Background
This study aimed to construct predictive models for the risk of sepsis in patients with Acute pancreatitis (AP) using machine learning methods and compared optimal one with the logistic regression (LR) model and scoring systems.
Methods
In this retrospective cohort study, data were collected from the Medical Information Mart for Intensive Care III (MIMIC III) database between 2001 and 2012 and the MIMIC IV database between 2008 and 2019. Patients were randomly divided into training and test sets (8:2). The least absolute shrinkage and selection operator (LASSO) regression plus 5-fold cross-validation were used to screen and confirm the predictive factors.
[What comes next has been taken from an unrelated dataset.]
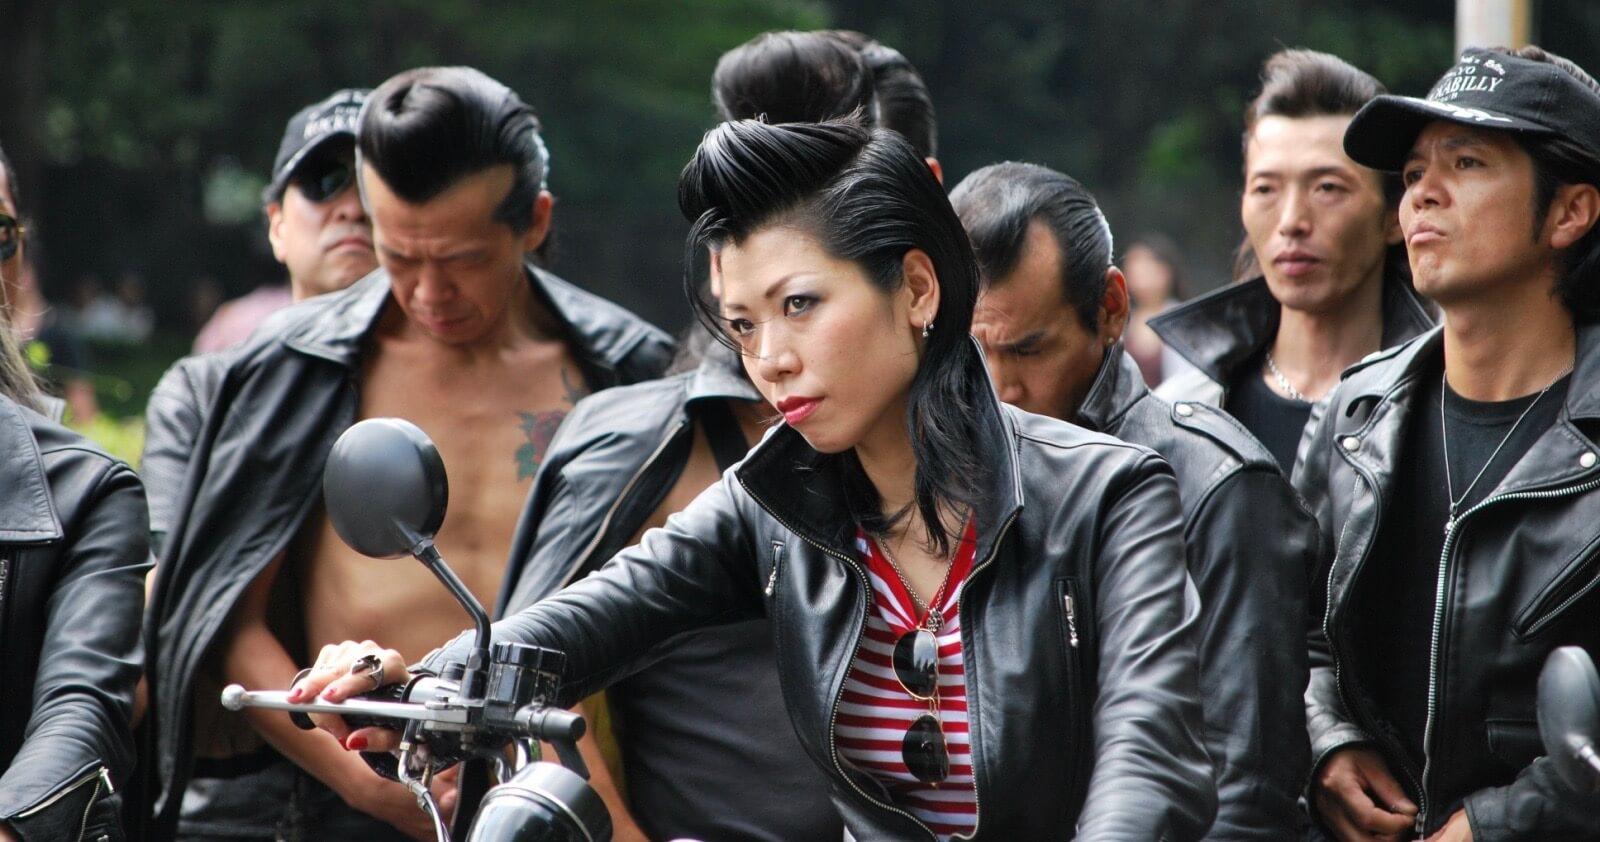 bandas de moteros japonesas - bosozoku! - gentleman's pride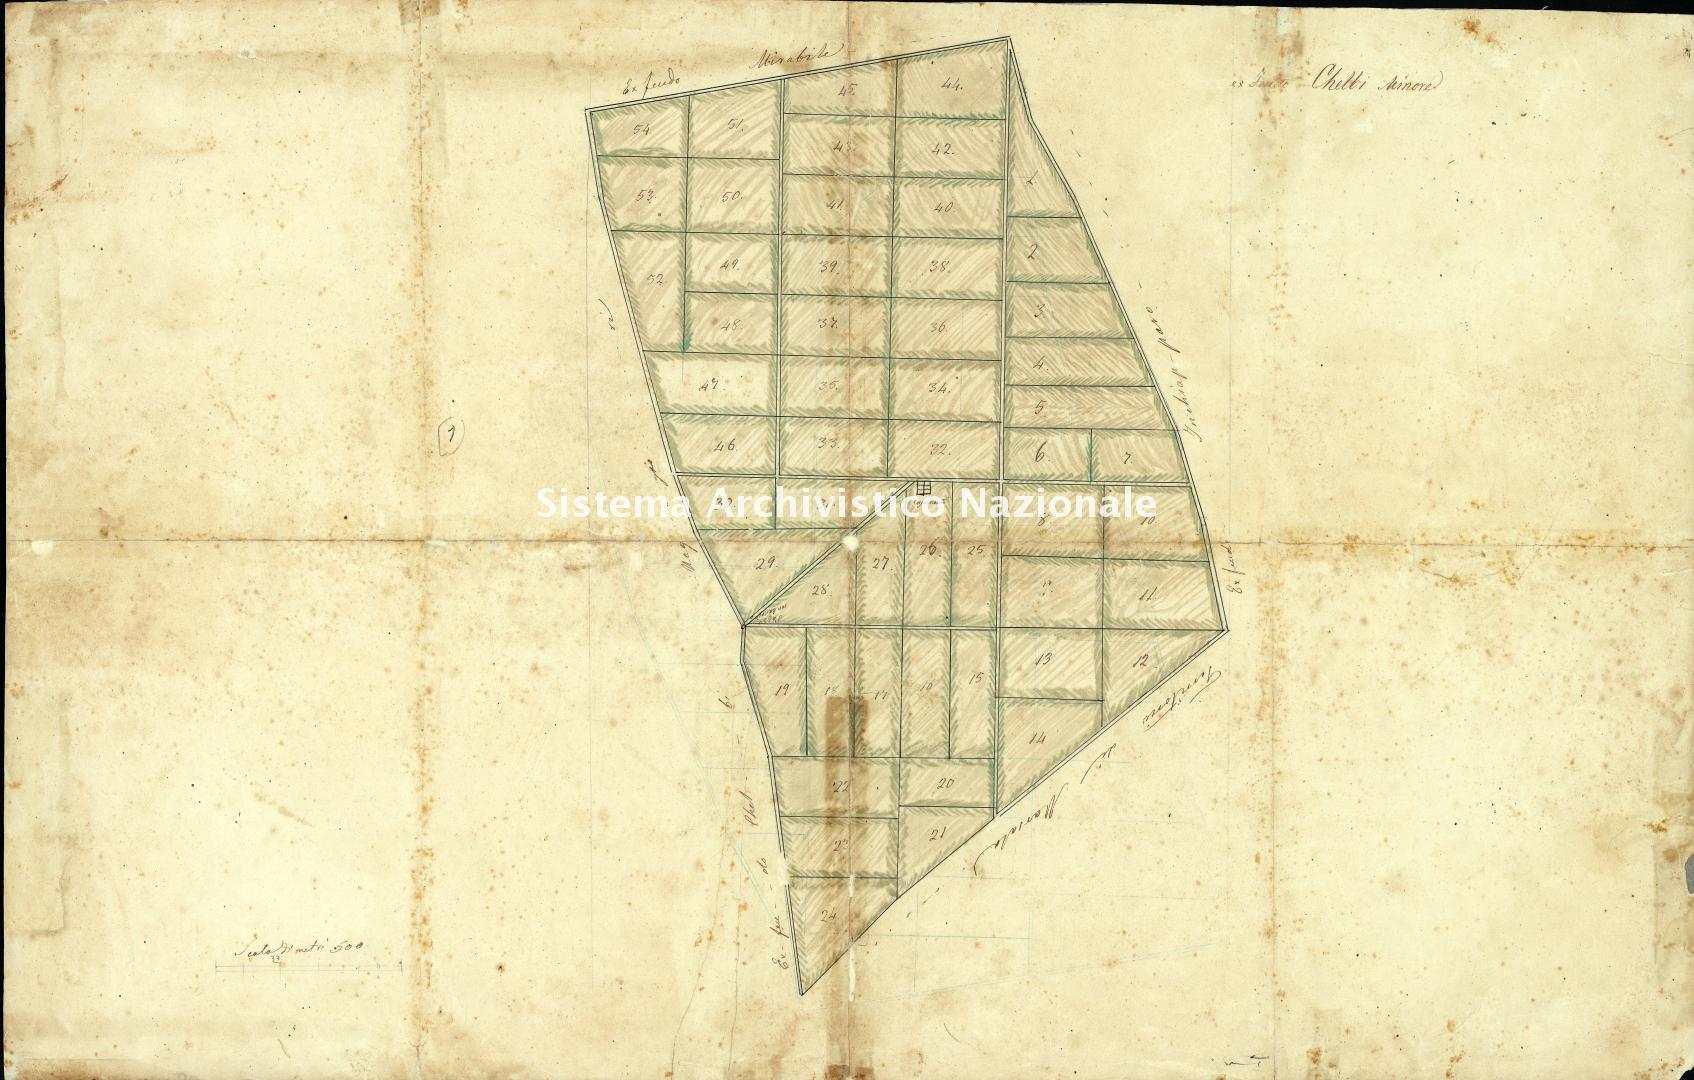 Archivio di Stato di Trapani, Commissione per l'Enfiteusi dei Beni Rurali Ecclesiastici, Vol. 12 Fasc. 74, carta 33.

Based on the selected predictive factors, 6 machine learning models were constructed, including support vector machine (SVM), K-nearest neighbour (KNN), multi-layer perceptron (MLP), LR, gradient boosting decision tree (GBDT) and adaptive enhancement algorithm (AdaBoost). The models and scoring systems were evaluated and compared using sensitivity, specificity, positive predictive value (PPV), negative predictive value (NPV), accuracy, and the area under the curve (AUC).
Results
A total of 1, 672 patients were eligible for participation. In the training set, 261 AP patients (19.51%) were diagnosed with sepsis. The predictive factors for the risk of sepsis in AP patients included age, insurance, vasopressors, mechanical ventilation, Glasgow Coma Scale (GCS), heart rate, respiratory rate, temperature, SpO2, platelet, red blood cell distribution width (RDW), International Normalized Ratio (INR), and blood urea nitrogen (BUN). The AUC of the GBDT model for sepsis prediction in the AP patients in the testing set was 0.985. The GBDT model showed better performance in sepsis prediction than the LR, systemic inflammatory response syndrome (SIRS) score, bedside index for severity in acute pancreatitis (BISAP) score, sequential organ failure assessment (SOFA) score, quick-SOFA (qSOFA), and simplified acute physiology score II (SAPS II).
Conclusion
The present findings suggest that compared to the classical LR model and SOFA, qSOFA, SAPS II, SIRS, and BISAP scores, the machine learning model-GBDT model had a better performance in predicting sepsis in the AP patients, which is a useful tool for early identification of high-risk patients and timely clinical interventions.